Segment Open
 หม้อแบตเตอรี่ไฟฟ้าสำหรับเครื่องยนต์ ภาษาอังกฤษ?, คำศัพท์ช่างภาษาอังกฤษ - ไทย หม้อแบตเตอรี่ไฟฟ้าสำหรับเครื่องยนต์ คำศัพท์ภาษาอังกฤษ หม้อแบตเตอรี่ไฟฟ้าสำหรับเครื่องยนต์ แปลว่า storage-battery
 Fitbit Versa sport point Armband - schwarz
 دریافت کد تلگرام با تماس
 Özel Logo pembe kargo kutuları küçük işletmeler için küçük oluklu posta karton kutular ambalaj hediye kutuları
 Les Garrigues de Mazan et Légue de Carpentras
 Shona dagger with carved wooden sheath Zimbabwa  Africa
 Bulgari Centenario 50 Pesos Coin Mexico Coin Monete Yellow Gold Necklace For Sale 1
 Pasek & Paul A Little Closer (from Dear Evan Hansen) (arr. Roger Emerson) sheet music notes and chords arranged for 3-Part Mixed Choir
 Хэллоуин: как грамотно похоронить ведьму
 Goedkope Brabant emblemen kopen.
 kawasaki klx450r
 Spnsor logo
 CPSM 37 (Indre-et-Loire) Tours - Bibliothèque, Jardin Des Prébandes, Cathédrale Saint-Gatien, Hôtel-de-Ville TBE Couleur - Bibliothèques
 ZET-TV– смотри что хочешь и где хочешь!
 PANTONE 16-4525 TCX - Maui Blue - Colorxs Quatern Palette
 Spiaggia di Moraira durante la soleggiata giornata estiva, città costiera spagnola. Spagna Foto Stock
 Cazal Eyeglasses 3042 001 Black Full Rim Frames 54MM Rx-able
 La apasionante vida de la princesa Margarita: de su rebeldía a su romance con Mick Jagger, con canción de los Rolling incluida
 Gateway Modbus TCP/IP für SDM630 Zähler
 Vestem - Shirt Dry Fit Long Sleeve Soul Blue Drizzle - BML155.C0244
Segment Closed
> [WORK INSTRUCTIONS]: Each line from the top of the entries above through the line containing "Хэллоуин: как грамотно похоронить ведьму" must be transcribed exactly, and no other line may appear.

> [WRITTEN ANSWER]:
 หม้อแบตเตอรี่ไฟฟ้าสำหรับเครื่องยนต์ ภาษาอังกฤษ?, คำศัพท์ช่างภาษาอังกฤษ - ไทย หม้อแบตเตอรี่ไฟฟ้าสำหรับเครื่องยนต์ คำศัพท์ภาษาอังกฤษ หม้อแบตเตอรี่ไฟฟ้าสำหรับเครื่องยนต์ แปลว่า storage-battery
 Fitbit Versa sport point Armband - schwarz
 دریافت کد تلگرام با تماس
 Özel Logo pembe kargo kutuları küçük işletmeler için küçük oluklu posta karton kutular ambalaj hediye kutuları
 Les Garrigues de Mazan et Légue de Carpentras
 Shona dagger with carved wooden sheath Zimbabwa  Africa
 Bulgari Centenario 50 Pesos Coin Mexico Coin Monete Yellow Gold Necklace For Sale 1
 Pasek & Paul A Little Closer (from Dear Evan Hansen) (arr. Roger Emerson) sheet music notes and chords arranged for 3-Part Mixed Choir
 Хэллоуин: как грамотно похоронить ведьму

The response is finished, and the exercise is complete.